[Opening Data shown section]

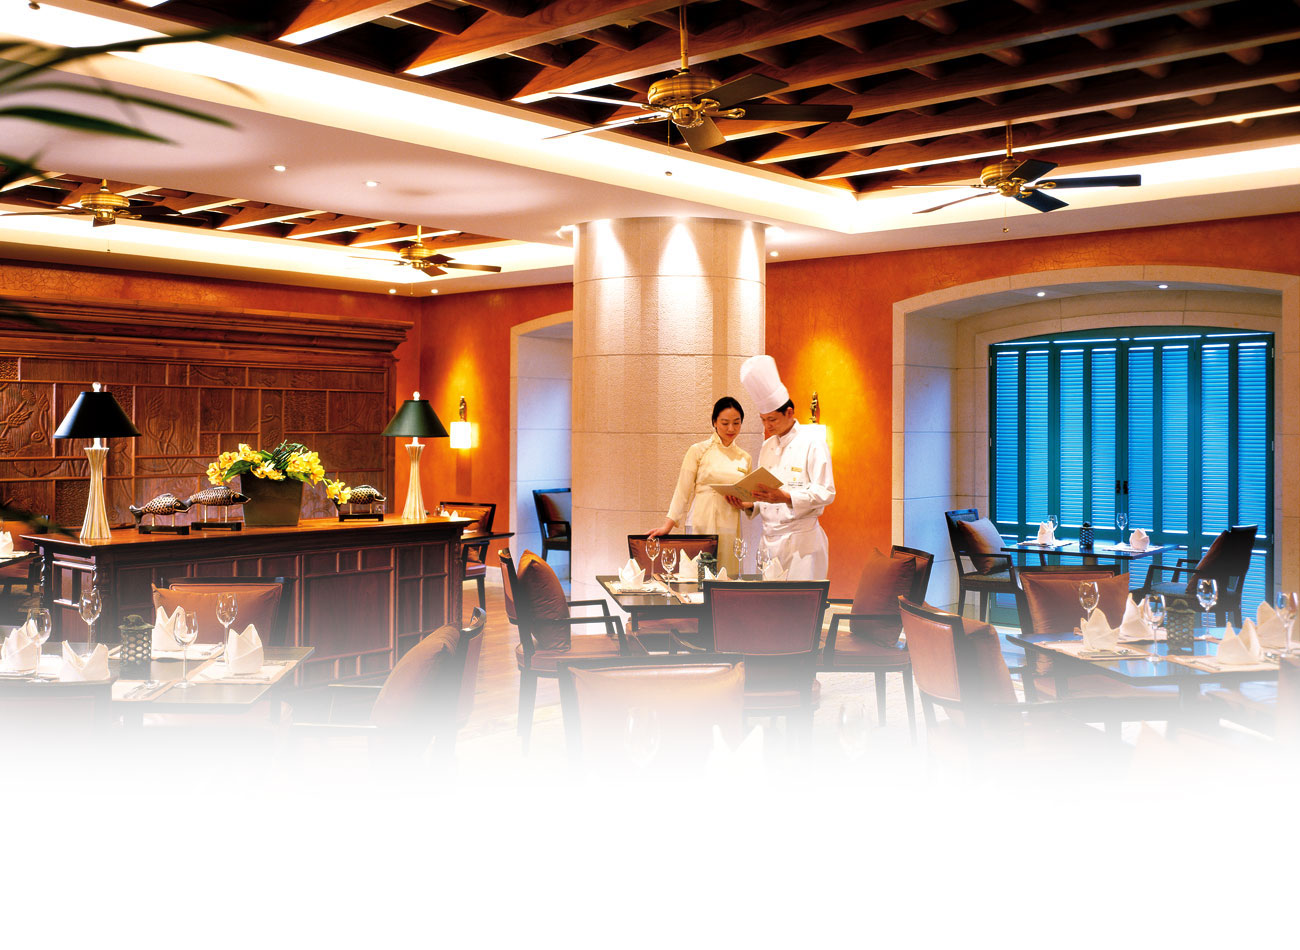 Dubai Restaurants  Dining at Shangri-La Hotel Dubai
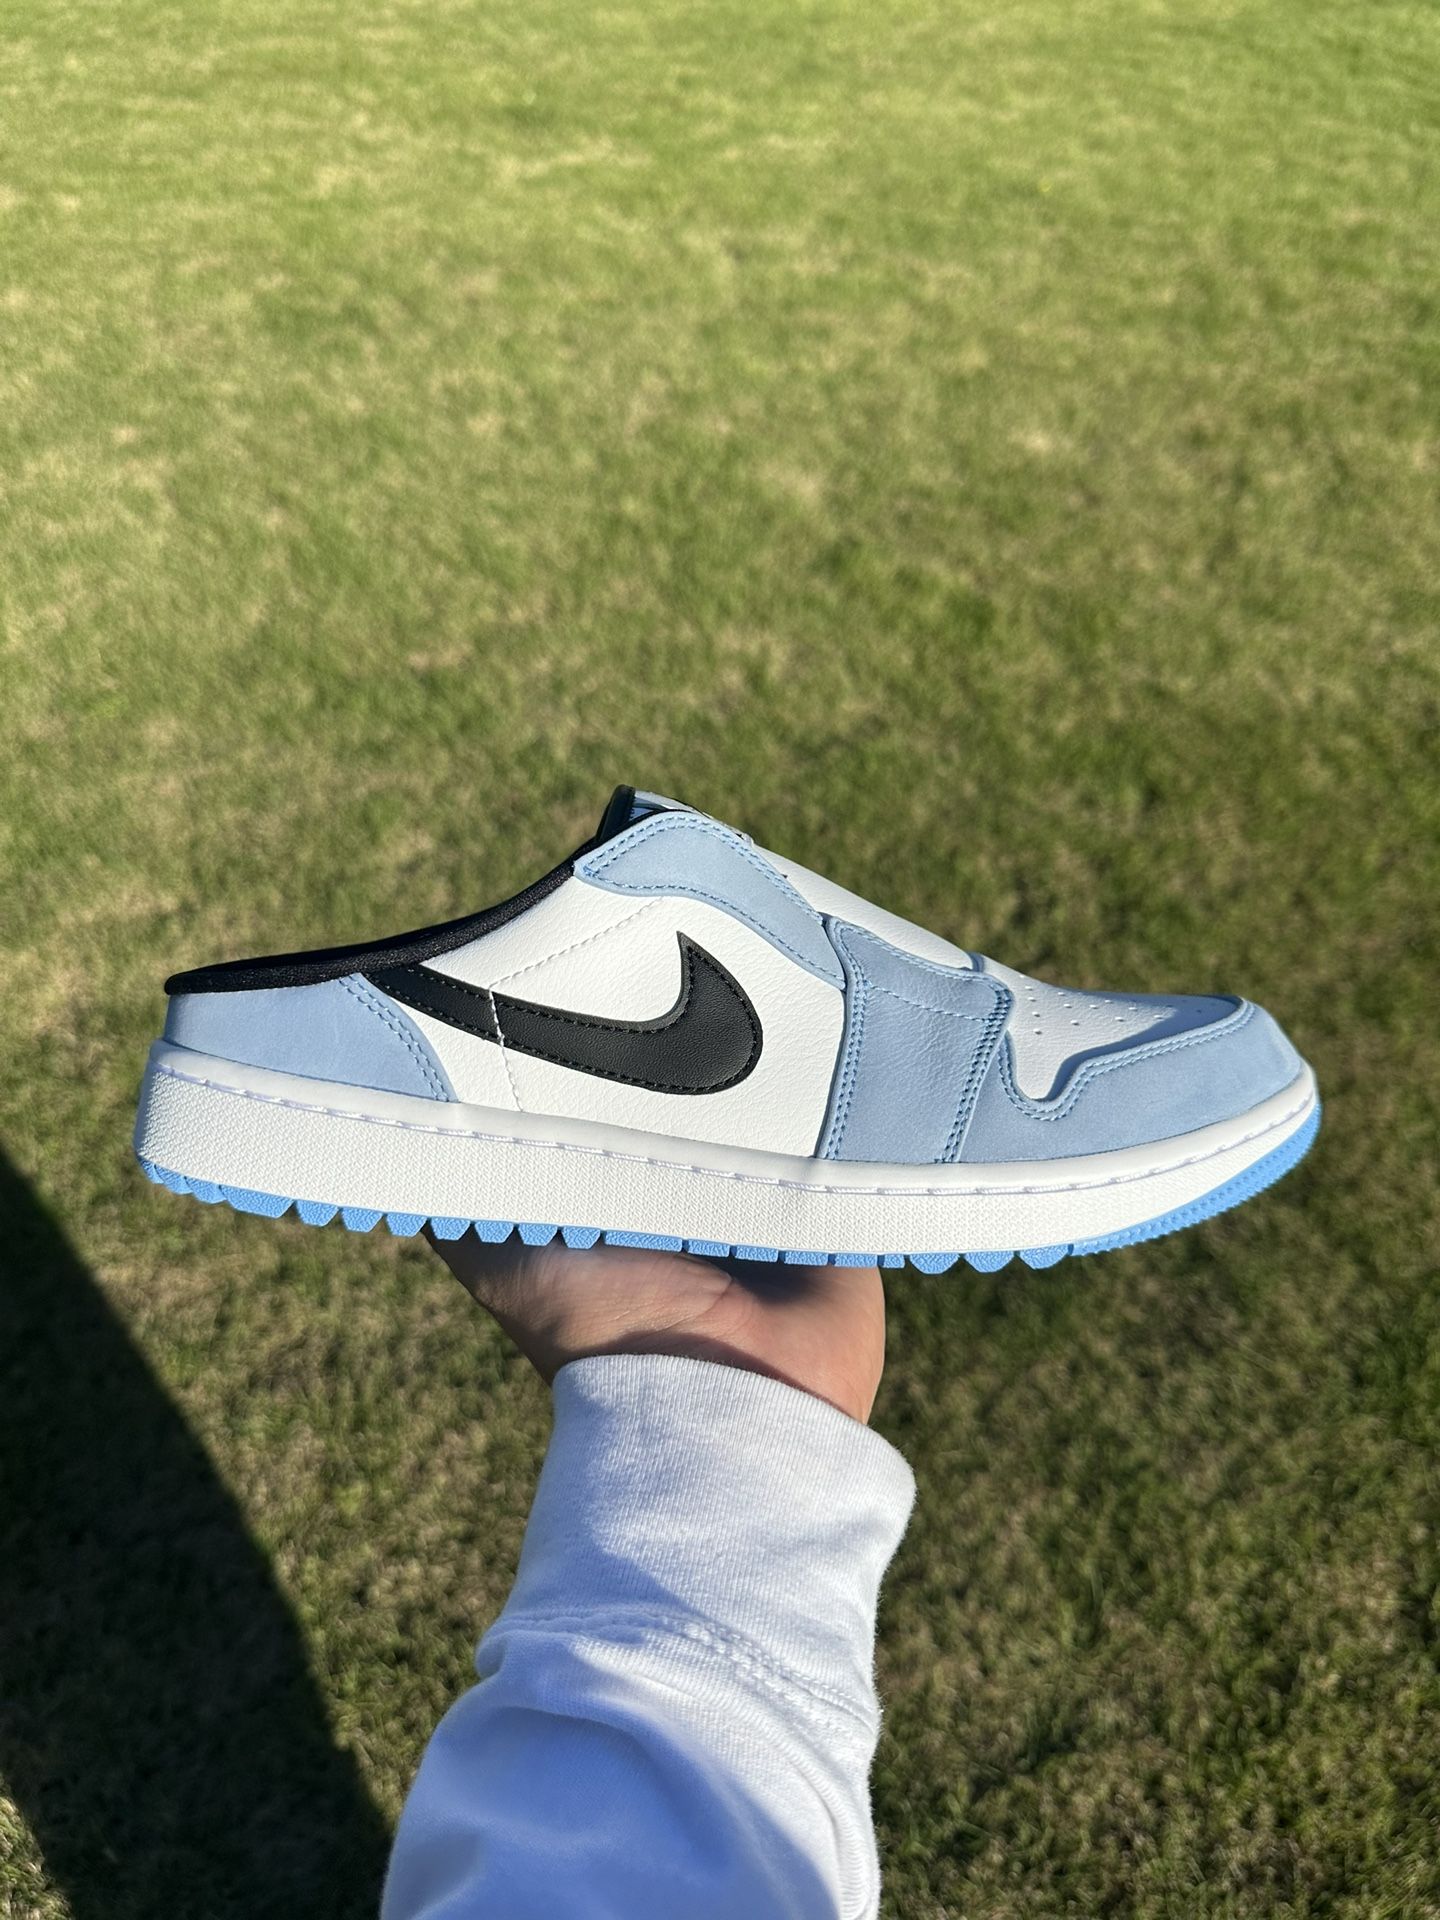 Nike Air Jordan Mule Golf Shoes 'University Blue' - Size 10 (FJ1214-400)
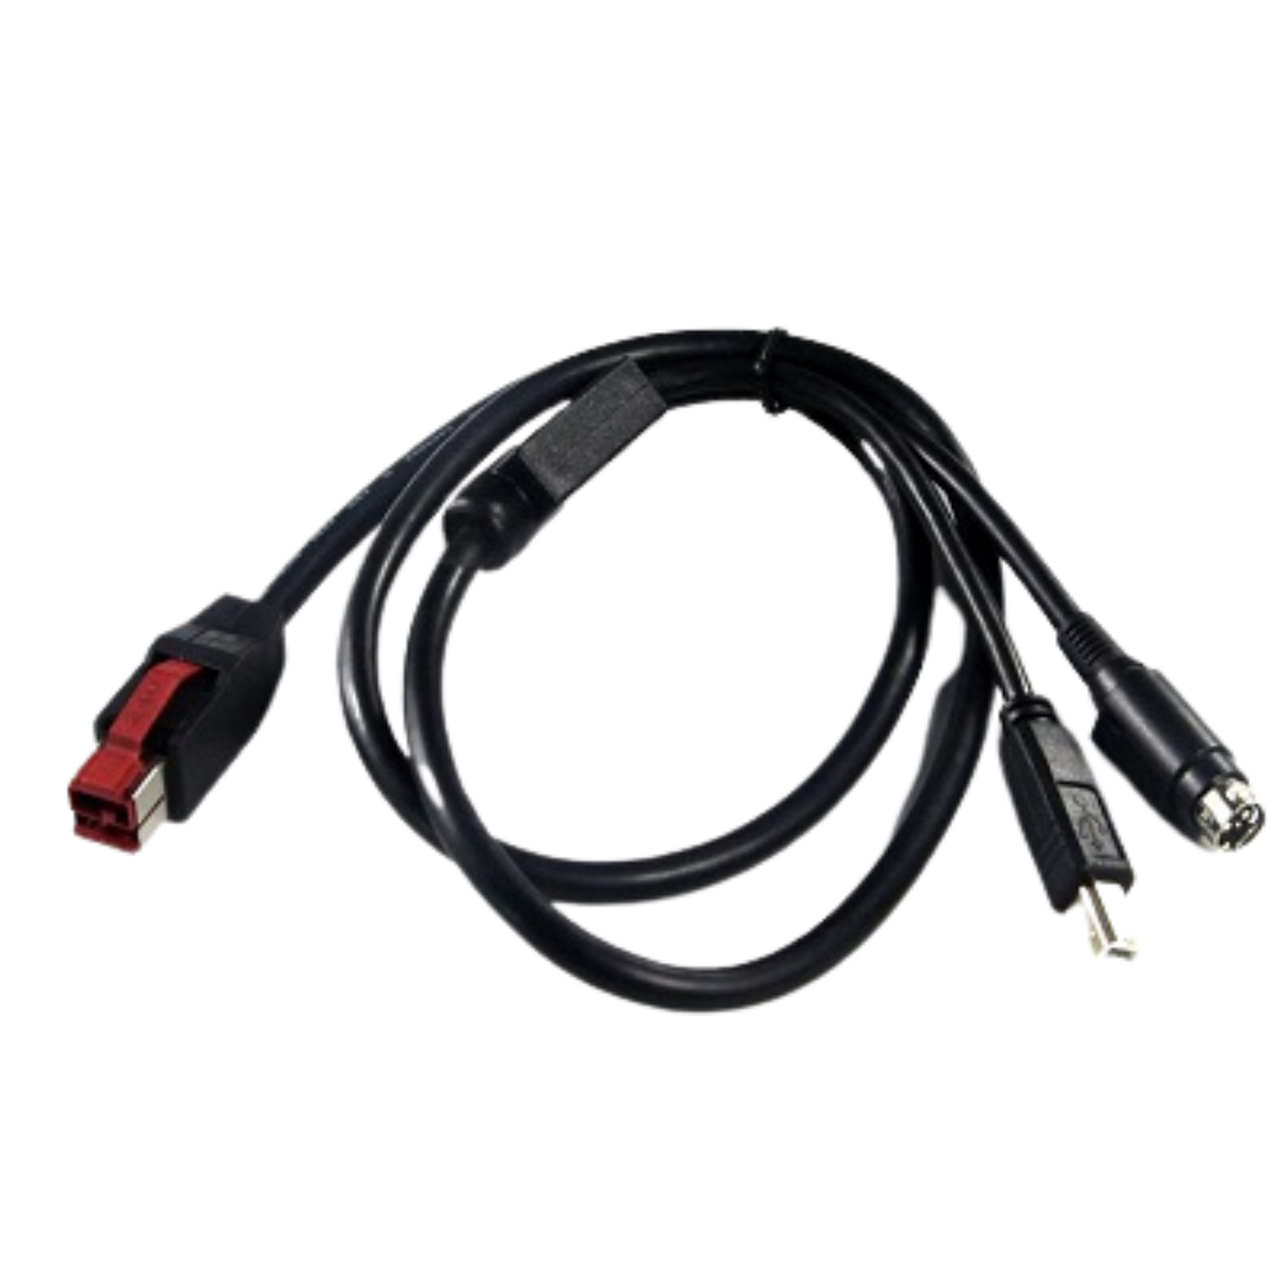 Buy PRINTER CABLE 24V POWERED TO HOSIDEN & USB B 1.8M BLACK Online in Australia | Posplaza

[Closing Data shown section]

Task directions
For the material above, repeat each line exactly and leave out the pictures.

Result
 Dubai Restaurants  Dining at Shangri-La Hotel Dubai
 Nike Air Jordan Mule Golf Shoes 'University Blue' - Size 10 (FJ1214-400)
 Buy PRINTER CABLE 24V POWERED TO HOSIDEN & USB B 1.8M BLACK Online in Australia | Posplaza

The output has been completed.